With the Crop Mob there exists the possibility of something beyond what we usually perceive of as farming.

The idea is bigger than barn-raisings, more technical than workshops, more thoughtful than textbooks. It is guerrilla agrarianism in the information age. Maybe that isn’t an apt description, but when I watch shovels hitting dirt on a foreign farm with a crew assembled using email, social networking and word of mouth, it surely feels like it.

The Crop Mob is unstoppable, yet flawed on some levels. Reciprocity from the farmers we have helped is greatly lacking. We are all busy, yes, but if we are to keep donating our labor, the labor pool must continue to snowball and include previous beneficiaries of that labor. On that end we can improve our pitch, farms can understand better what they are getting and everyone involved can get what they need out of the day.

We are not unskilled; we bring decades of combined experience in dozens of areas – bed building, fencing, transplanting, harvesting, permaculture, food/farm activism, media outreach – so we are capable of making substantial impacts in a handful of hours.

Where to from here? The next step may be to franchise the idea or mutate it or trim it down or use it differently. In the meantime we will continue to do what we have been doing – showing up and getting shit done.

Posted by Trace on May 27th, 2009 filed in crop mobs | 2 Comments »


2 Responses to “Guerrilla agrarians in the information age”

  1. Sam Rose Says:

    There is an opportunity in what is written here:

    “The Crop Mob is unstoppable, yet flawed on some levels. Reciprocity from the farmers we have helped is greatly lacking. We are all busy, yes, but if we are to keep donating our labor, the labor pool must continue to snowball and include previous beneficiaries of that labor. On that end we can improve our pitch, farms can understand better what they are getting and everyone involved can get what they need out of the day.”
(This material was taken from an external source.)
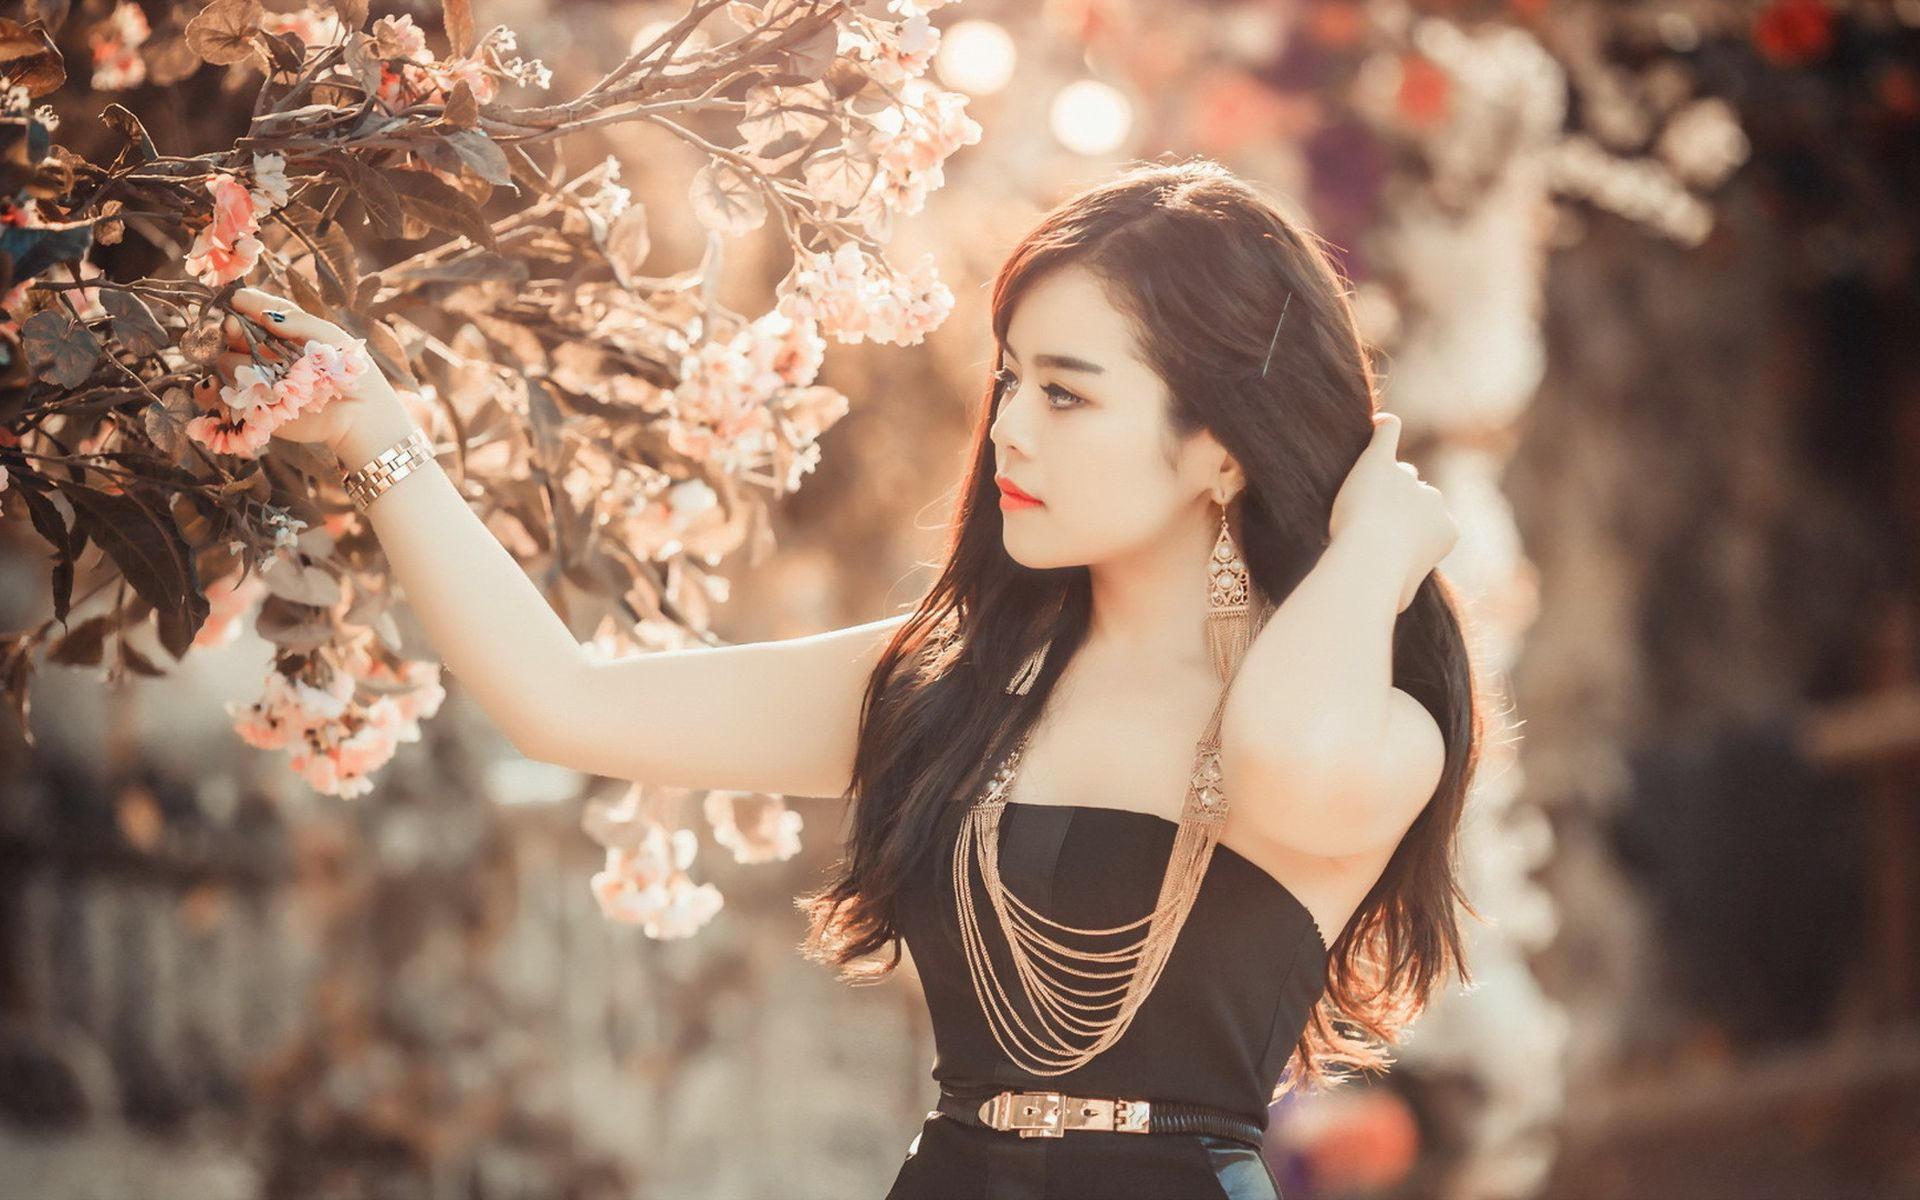 Фотомодель из Азии с красивыми цветами
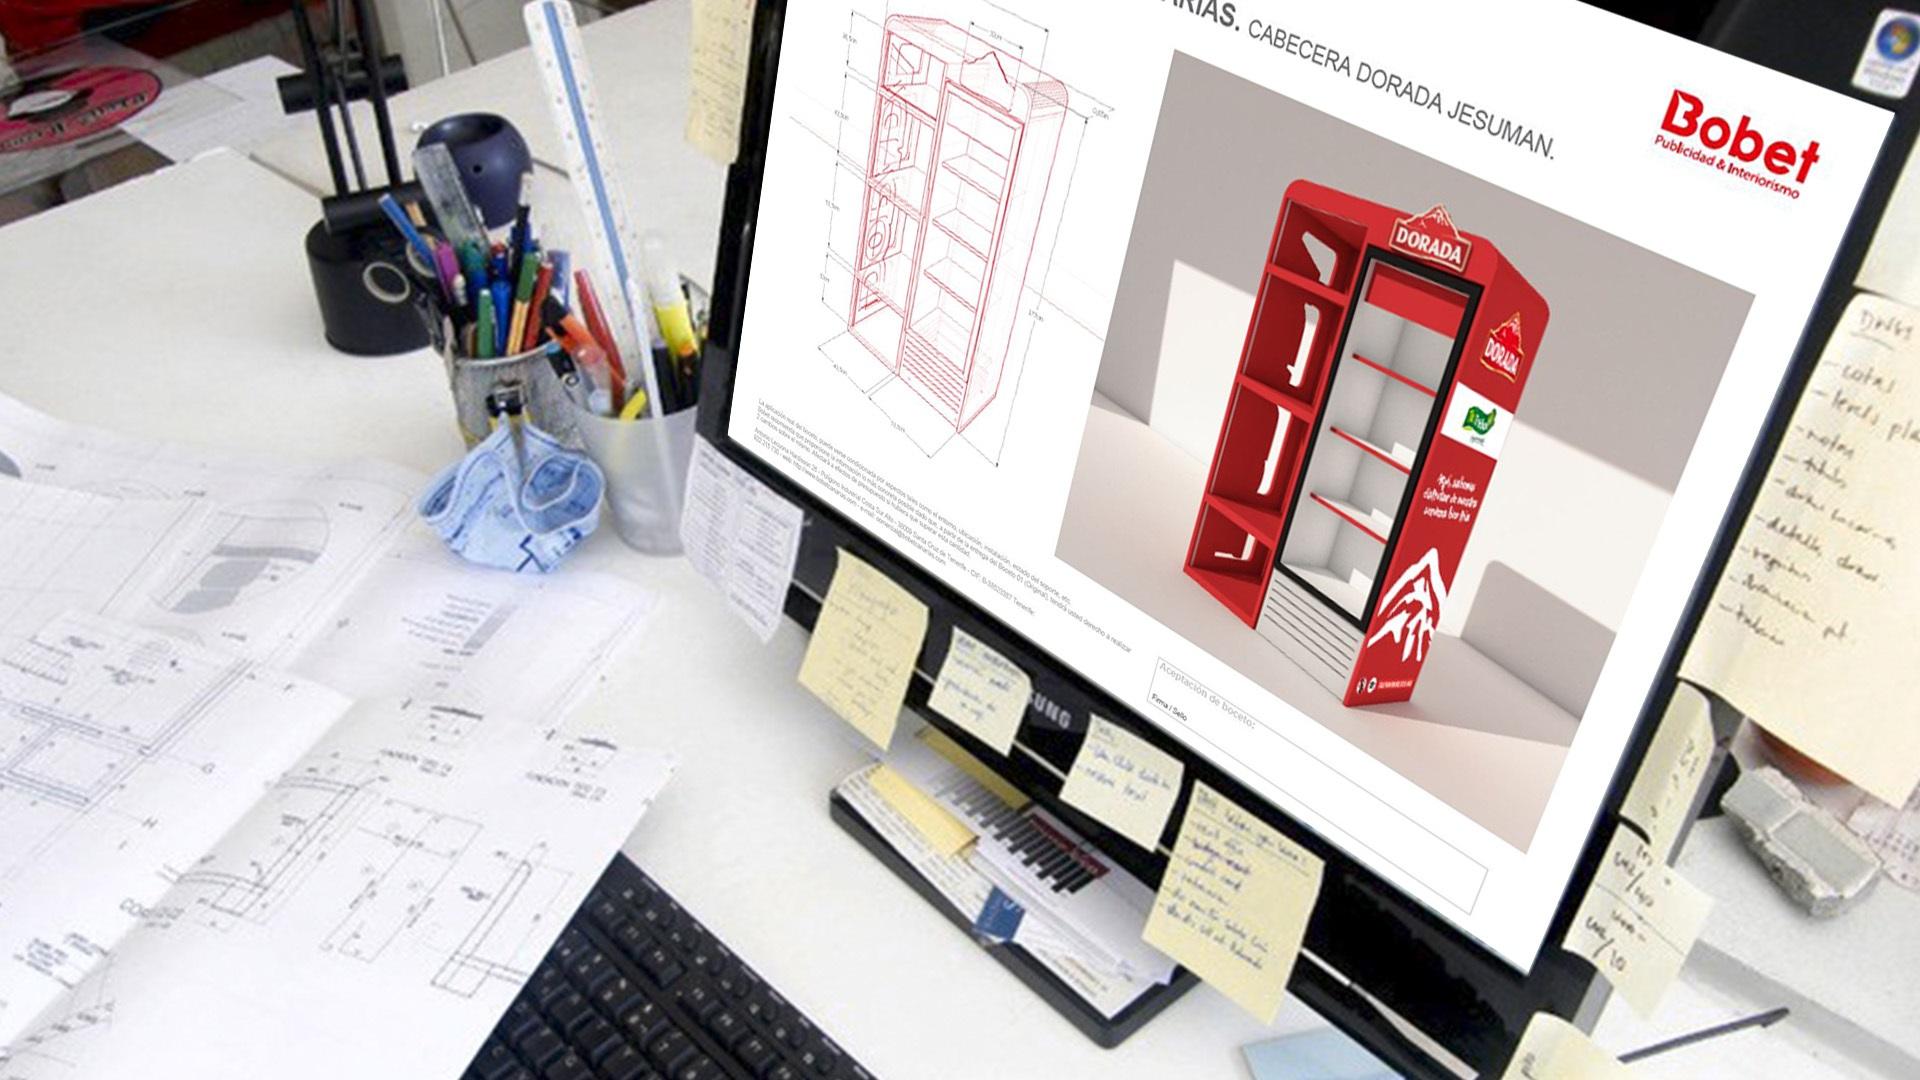 Diseño publicitario e industrial, fabricación e instalación de proyectos.

    Reciprocity is what will keep this movement alive. The question is: what is a valuable reciprocation to Crop Mobs? What do *you* want to get in return for what you do? Making this easy to know will make it easier to seed and exponentially grow crop mob reciprocity into local food systems.

  2. Trace Says:

    The valuable return is to incorporate the labor from the farms the mob has visited into the next mob. This would make it a sustainable and growing force.